Personal information
- Born: 8 August 1968 Tarbes, France
- Died: 4 February 2009 (aged 40) Tarbes, France

Team information
- Discipline: Mountain bike Road
- Role: Rider

Medal record
Representing France
Men's mountain bike racing
World Championships
| Gold medal – first place | 1998 Mont Sainte-Anne | Cross-country |
European Championships
| Gold medal – first place | 1996 Bassano del Grappa | Cross-country |
| Gold medal – first place | 1998 Aywaille | Cross-country |
| Bronze medal – third place | 1995 Špindlerův Mlýn | Cross-country |

= Christophe Dupouey =

French cyclist

Christophe Dupouey (8 August 1968 – 4 February 2009) was a French mountain biker.

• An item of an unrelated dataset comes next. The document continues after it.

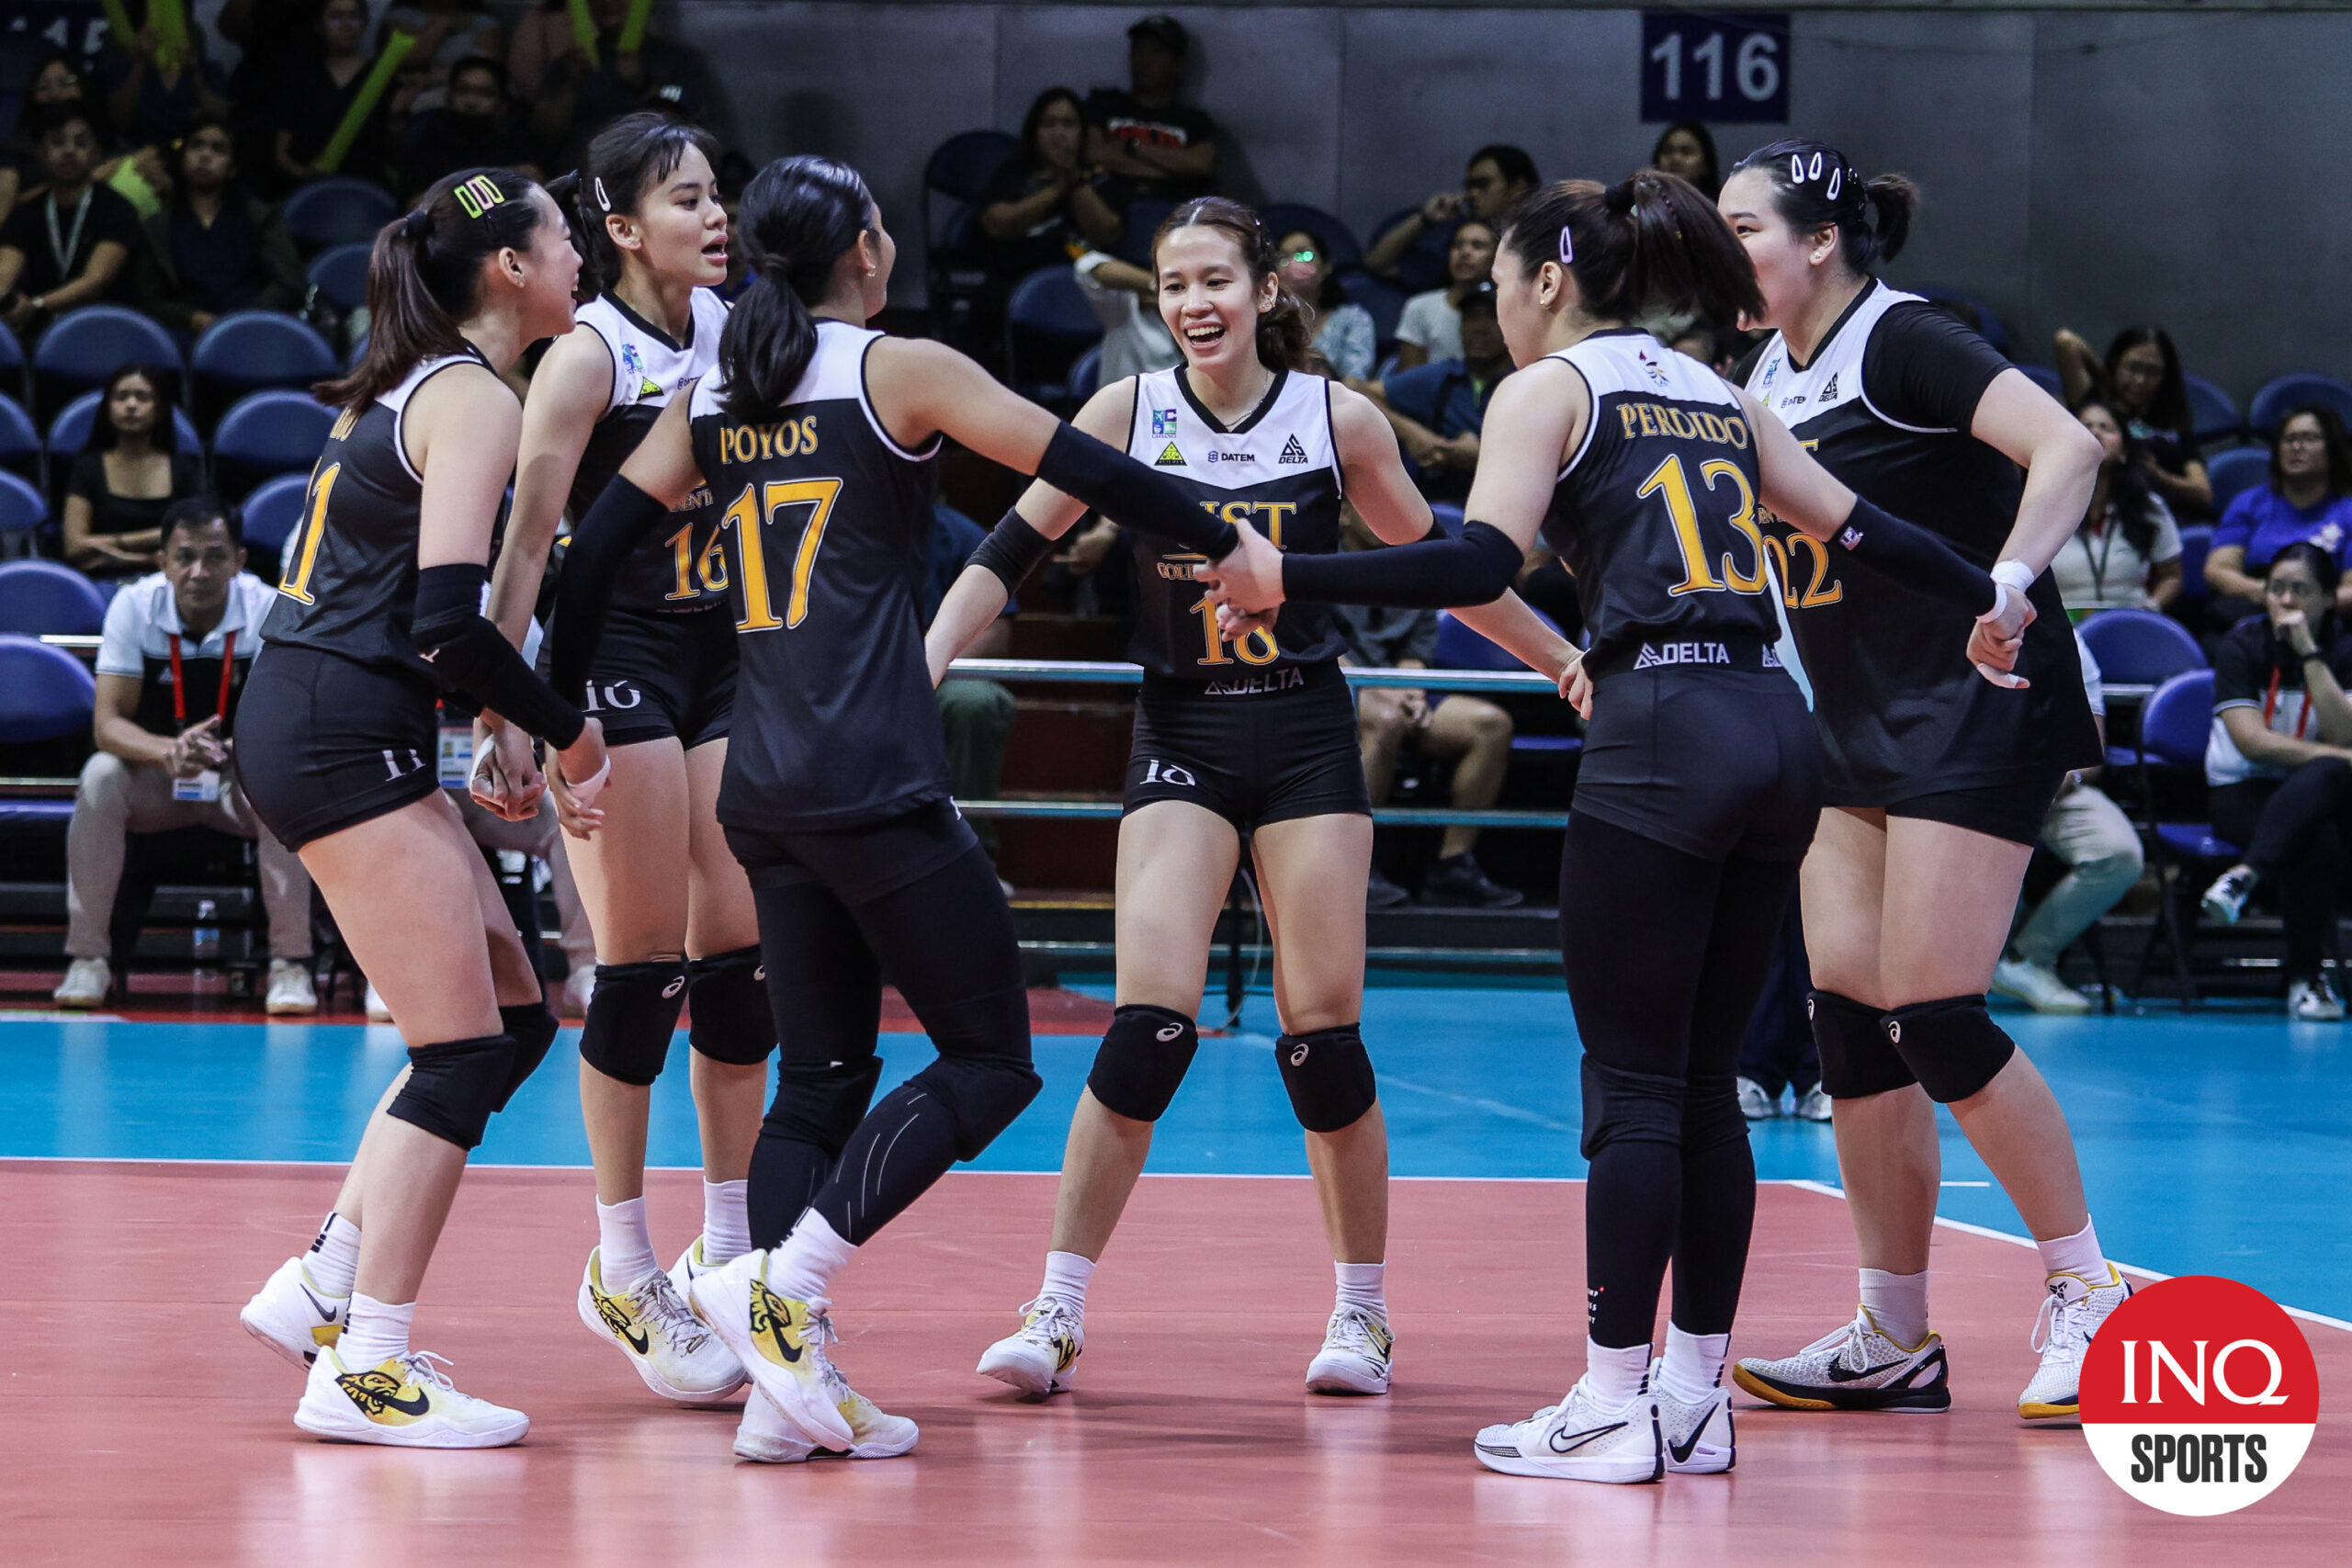 UST Tigresses, led by Angge Poyos, survives Ateneo's fight back in the UAAP Season 86 women's volleyball tournament. –MARLO CUETO/INQUIREr.bet

In 1996, he won the gold medal in the men's cross country section of the UCI Mountain Bike World Cup. In 1998, he won the gold medal in the same section of the UCI Mountain Bike & Trials World Championships. Dupouey also competed in the 1996 and 2000 Summer Olympics, placing 4th in 1996.

In 2006, he was given a suspended three-month prison sentence for participating in a trafficking network for "pot belge", a mix of cocaine, caffeine, pain killers, sometimes amphetamines, and heroin. Dupouey committed suicide on 4 February 2009 at the age of 40.